7. Use in accordance with any of claims 3 to 6, wherein the curcuminoid is a mixture containing curcumin.

8. Use in accordance with any of claims 3 to 6, wherein the curcuminoid is curcumin.

9. Use in accordance with any of claims 1 to 8, wherein the probiotic bacterium is selected from the group consisting of bacteria of the genus Lactobacillus, bacteria of the genus Streptococcus, bacteria of the genus Bifidobacterium, bacteria of the genus Enterococcus, and bacteria of the genus Pseudomonas.

10. Use in accordance with any of claims 1 to 8, wherein the probiotic bacterium is a lactic acid bacterium.

11. Use in accordance with any of claims 1 to 8, wherein the probiotic bacterium is selected from the group consisting of Enterococcus faecium, Bifidobacterium longum, Streptococcus thermophilus, Lactobacillus acidophilus, Lactobacillus plantarum, Lactobacillus rhamnosus, Bifidobacterium breve, and Pseudomonas fluorescens.

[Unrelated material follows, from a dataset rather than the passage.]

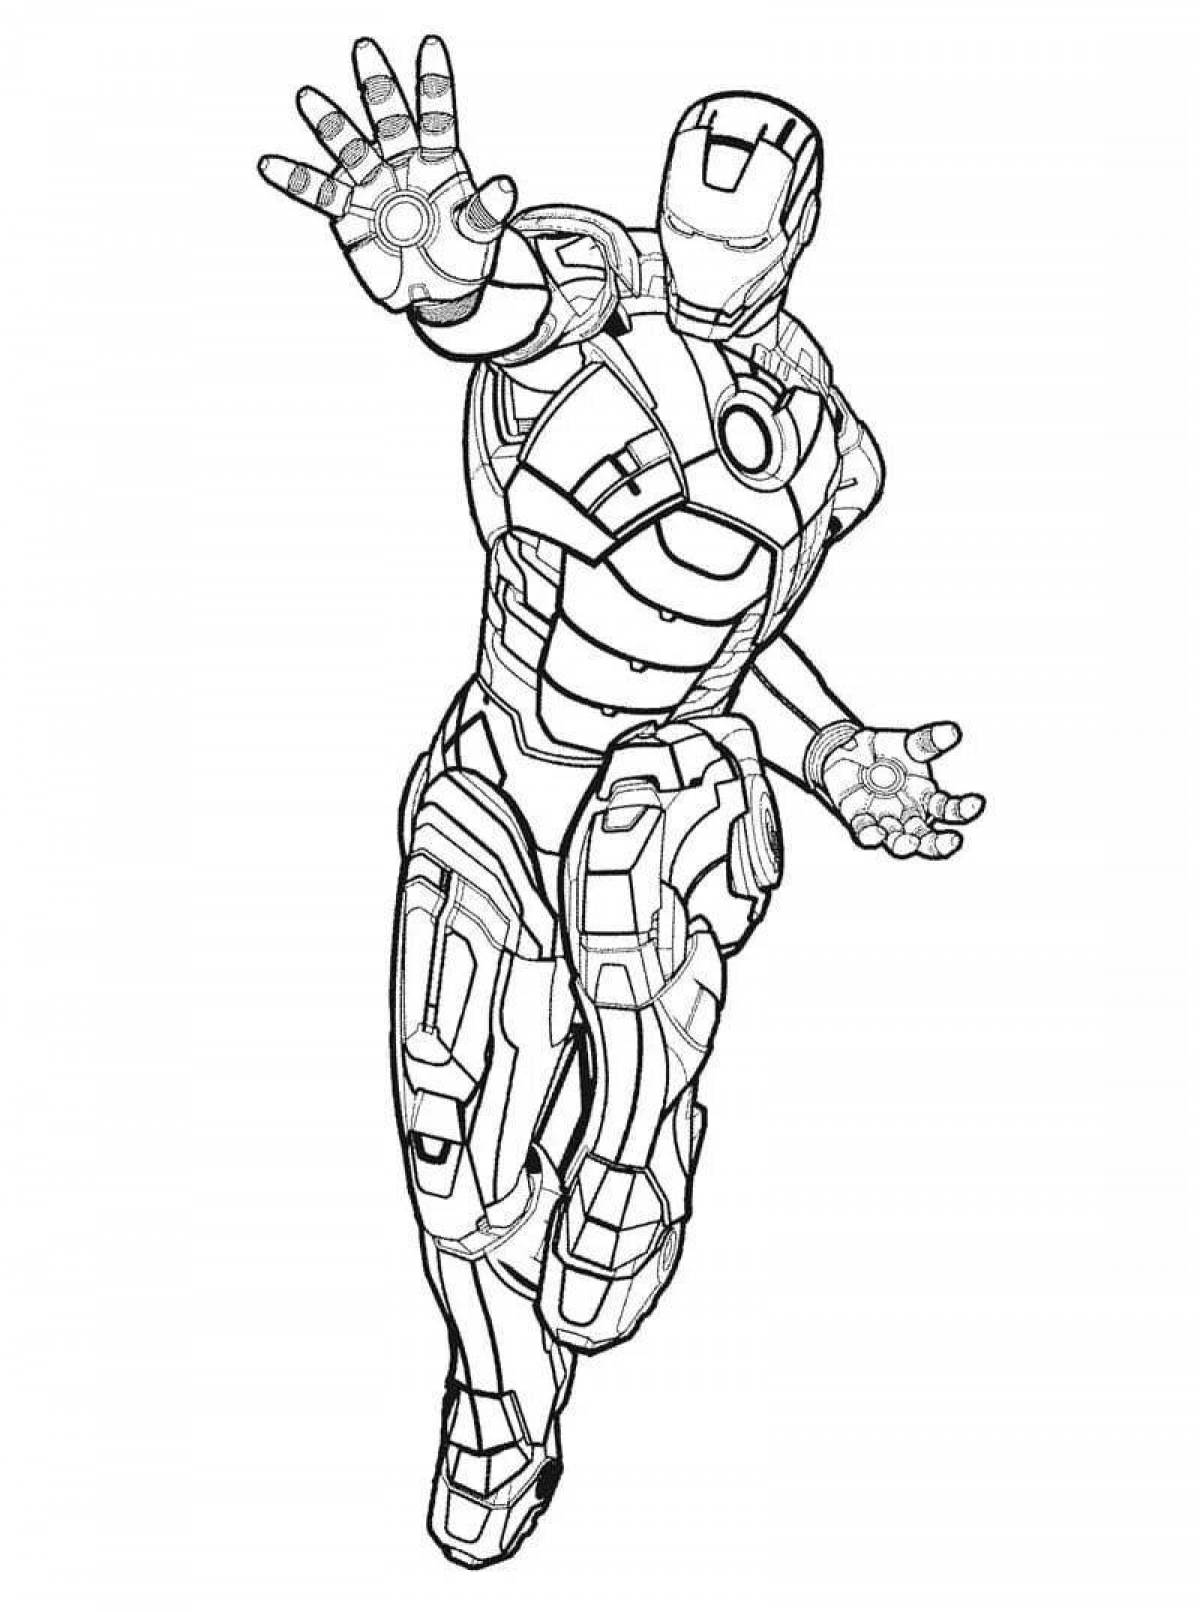 Flawless Iron coloring page
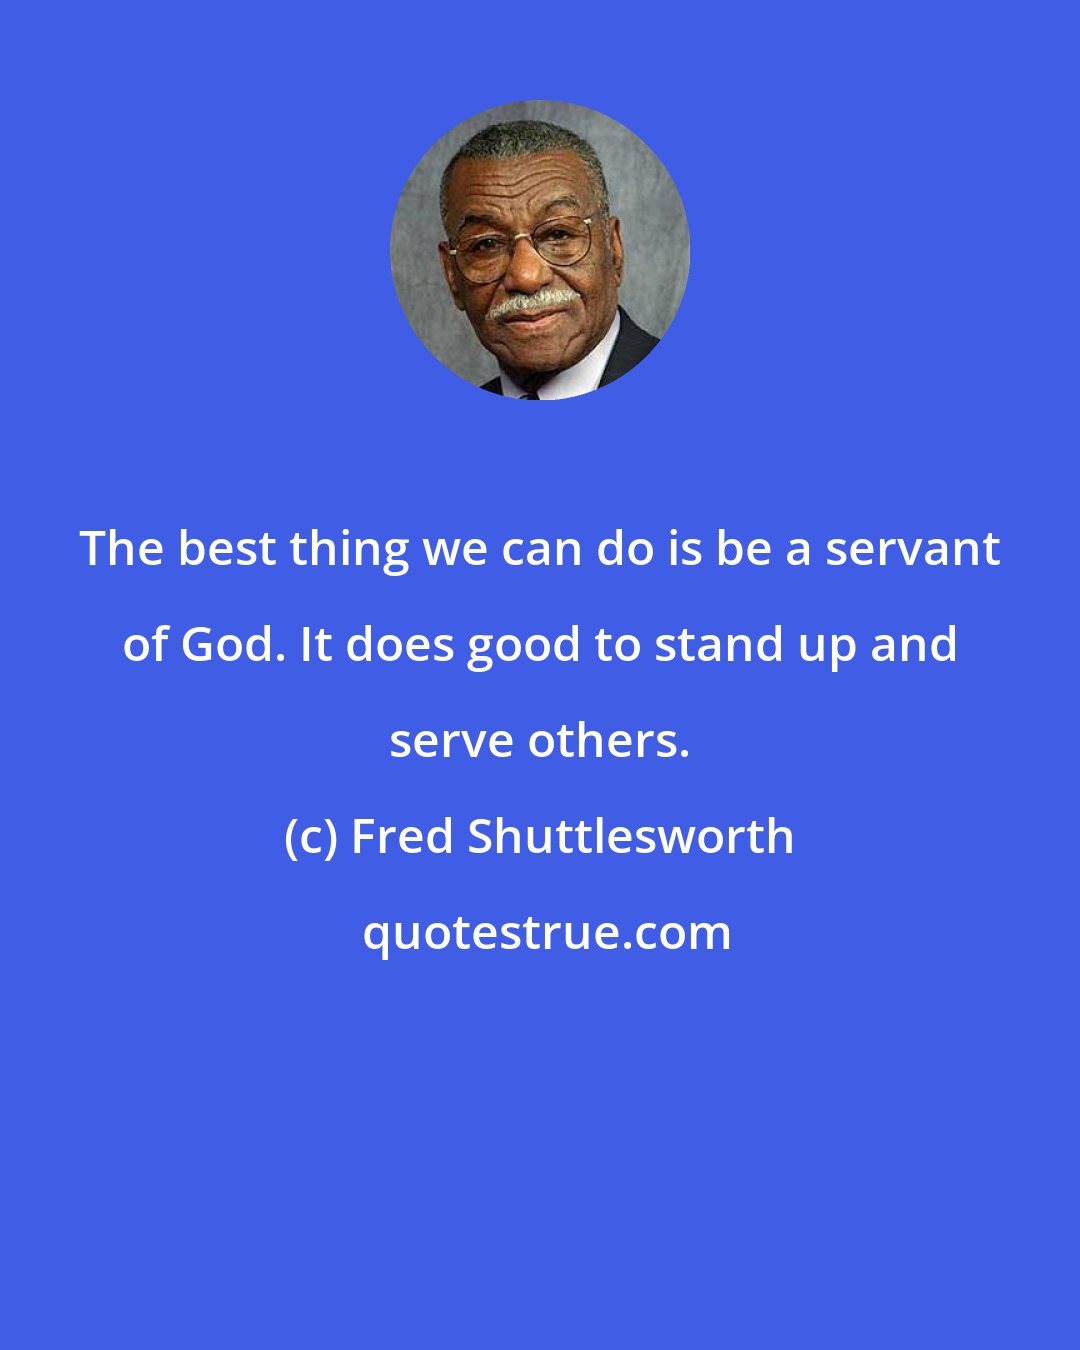 Fred Shuttlesworth: The best thing we can do is be a servant of God. It does good to stand up and serve others.

12. Use in accordance with any of claims 1 to 8, wherein the probiotic bacterium is Lactobacillus rhamnosus or Lactobacillus plantarum.

13. Use in accordance with any of claims 1 to 12, wherein the probiotic bacterium and optionally the further active agent are contained in a pharmaceutical composition.

14. Use in accordance with claim 13, wherein the pharmaceutical composition contains, in addition to the probiotic bacterium and optionally the further active agent, only water.

15. Use in accordance with any of claims 1 to 14, wherein the amyloidosis is Alzheimer's disease.